I never kept count, but roughly, estimating that I've been smoking for half of my life, and that I went thru a pack a day, which is a liberal guess, and not taking into account leap years, I've gone thru about 127,750 cigarettes.
I checked out my sister's new house in Irvine today. It's cool--the third story is especially cozy. There's also a community pool that I plan on using the next time I visit. I didn't today cause firstly I didn't bring my swimming trunks and secondly there was a crowded party going on there. It sure would've been nice especially since it was a hot day. Irvine's warmer than Redondo Beach, but even as I returned home, I had to open all my windows to catch what little ocean breeze was blowing in the early evening.
And then it started to rain.
It was, to the best of my waking knowledge, the first drizzle of the summer. Not that it's been particularly scorching, but it was exactly what I needed today as it refreshed the temperature and the present tense.
The last time that I happened to check, it's "50 days until football".
And now for a moment of doubt...
My license plate is 4LUV504. It's easy to remember it as "for love" and the 405 freeway backwards.
A WTC conspiracy theorist folded a 20 dollar bill issued before 2001 to prove that 9/11 was not only planned in advance, but instigated by the United States of America. Cause the bushes around the White House formed the image of smoke right after the planes crashed into the Twin Towers. Actually, I thought it looked more like weed spilling out of a joint, but I saw his point of view. Search online for "WTC 20 dollar bill" and decide for youself.
The first letter of her last name is "M".
If mine were the voice of reason and I had a say in who deserves to be inducted into the Rock and Roll Hall of Fame in 2021, I'd cast my vote for Puffy. Cause I think there's nothing more rock'n'roll than not taking yourself seriously. There's a scene in Run! Puffy! Run! where Ami and Yumi visit the museum in Cleveland. They look like silly Japanese tourists amongst oblivious Americans. Little does anyone know, least of all the girls themselves that Puffy belongs in the shrine.
The first letter of my first name is "H".

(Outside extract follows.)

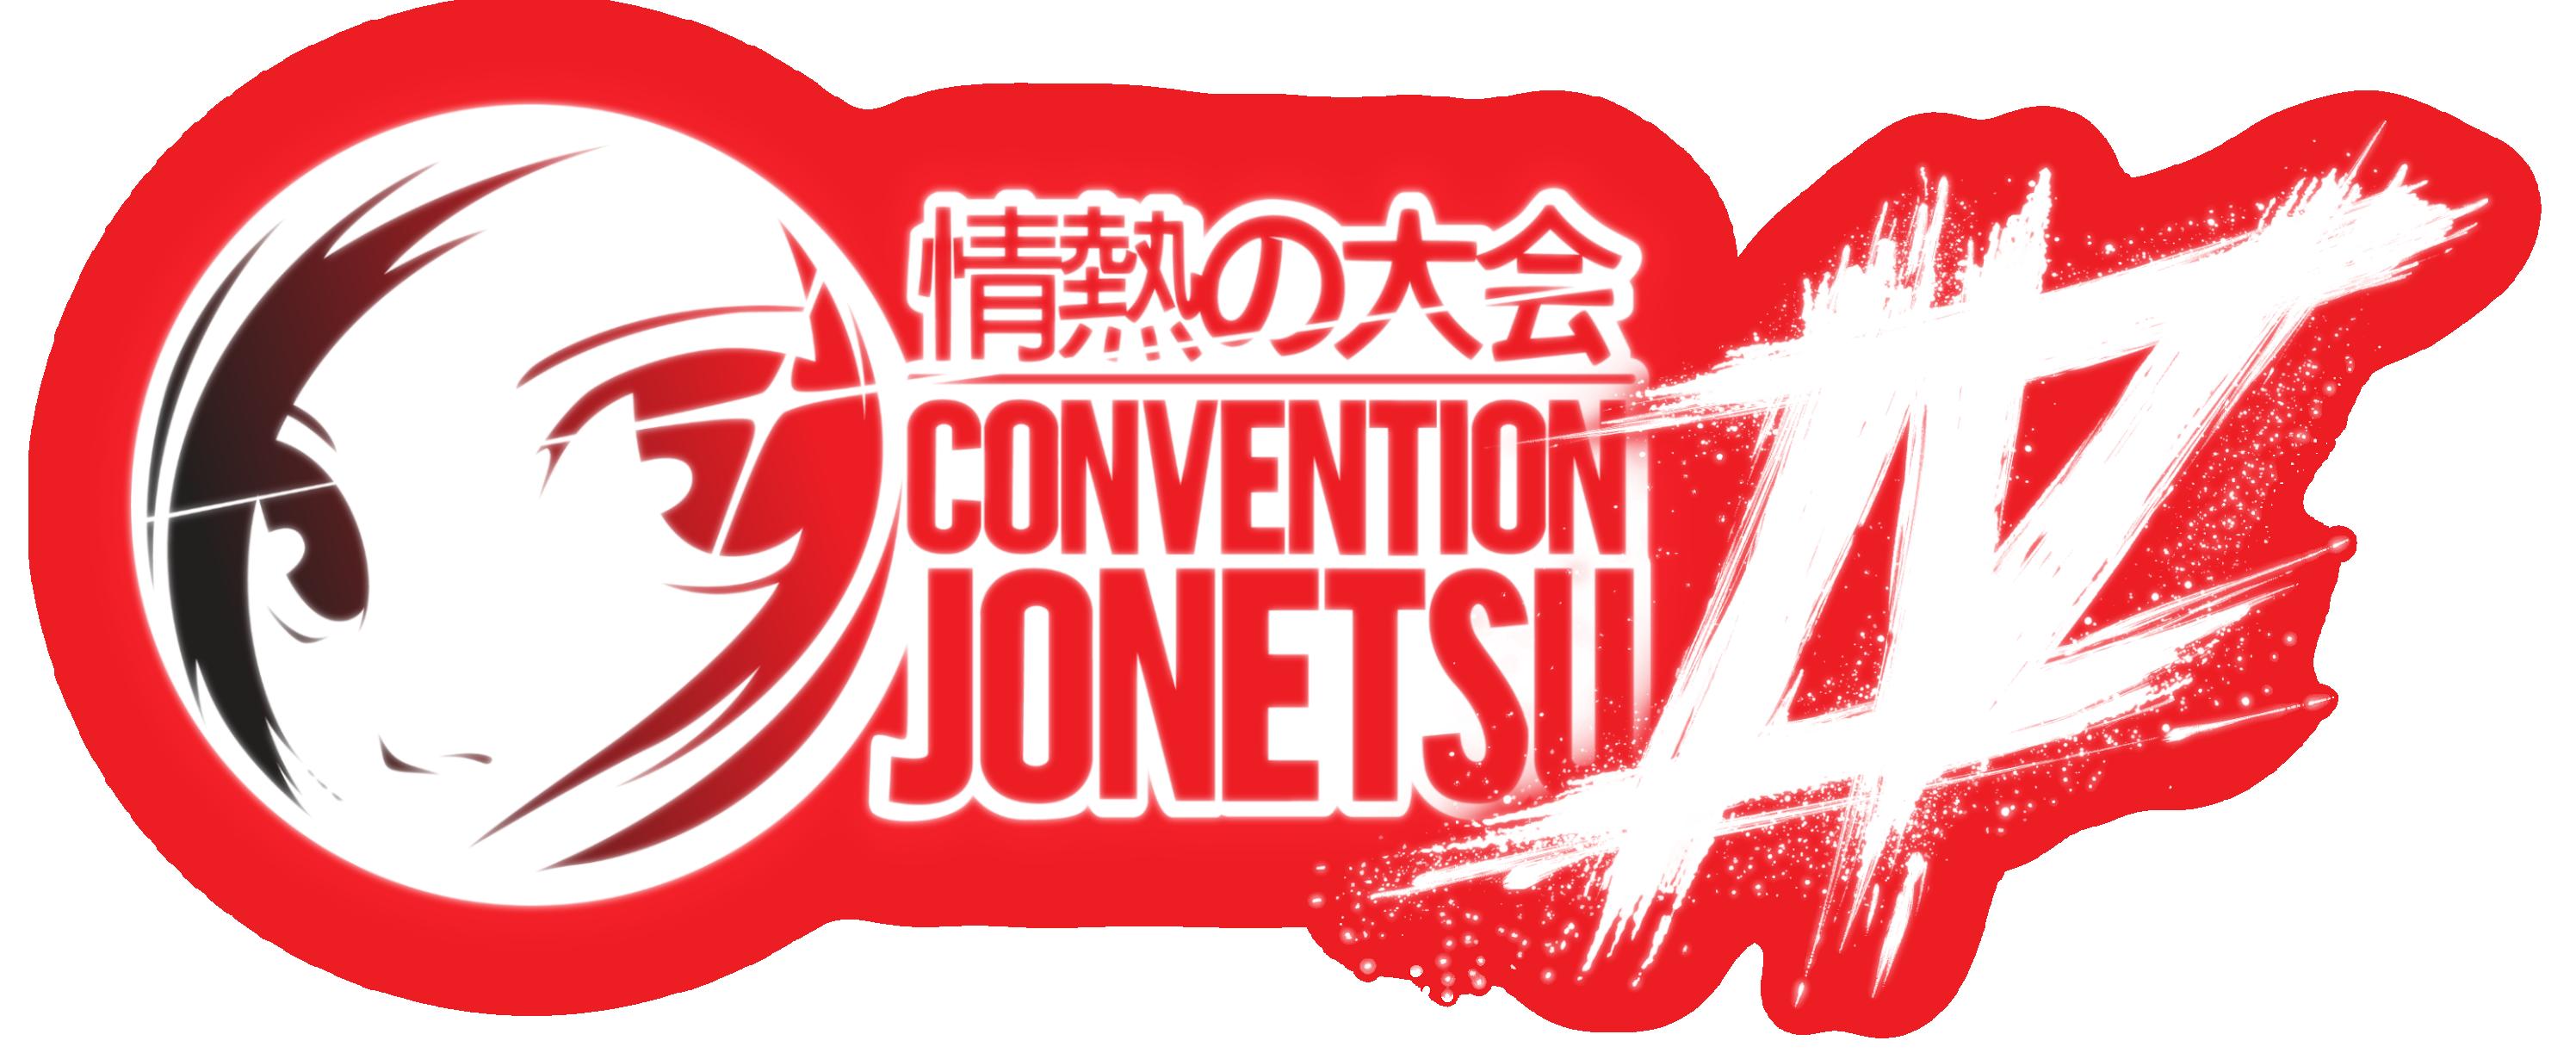 Editions Precedentes Jonetsu Jonetsu

I just bought the entire television series Trick on DVD. It stars Yukie Nakama as a magician who teams up with a physicist to expose fraudulent spiritualists. The first season arrived yesterday and I'll start watching it tonight. I've seen some episodes on the local Japanese broadcasts, and from what I saw the show seems intriguing, if only cause Yukie is so damn fine, but I'm not entirely sure that all three seasons are good. I guess I'll find out...
The first letter of her first name is "K".
Today, I noticed a car with the license plate 4MHK504.
Once upon a temporal juncture, a panel on my cheap bathroom sink fell loose. Being appreciative of my First World luxuries, I mean, somewhere a primitive tribe is planning a revolution for running water, I decided to fix it, which according to my rudimentary carpenter skills, required a hammer and a nail. I could've waited until the next day, but since I possessed more impatience than common sense, I attempted to do the deed after midnight. After one quick hit, the panel was secured. And thru my open bathroom window I heard someone yell "SHHHH".
This morning I was having a dream that involved a dog growling as it chewed on my leg. I woke up to the sounds of a jackhammer. I had my window open due to the summer weather and my lack of air conditioning, so the noise, which was originating directly outside my room, funneled into my amplifying walls. My legs felt the vibrations.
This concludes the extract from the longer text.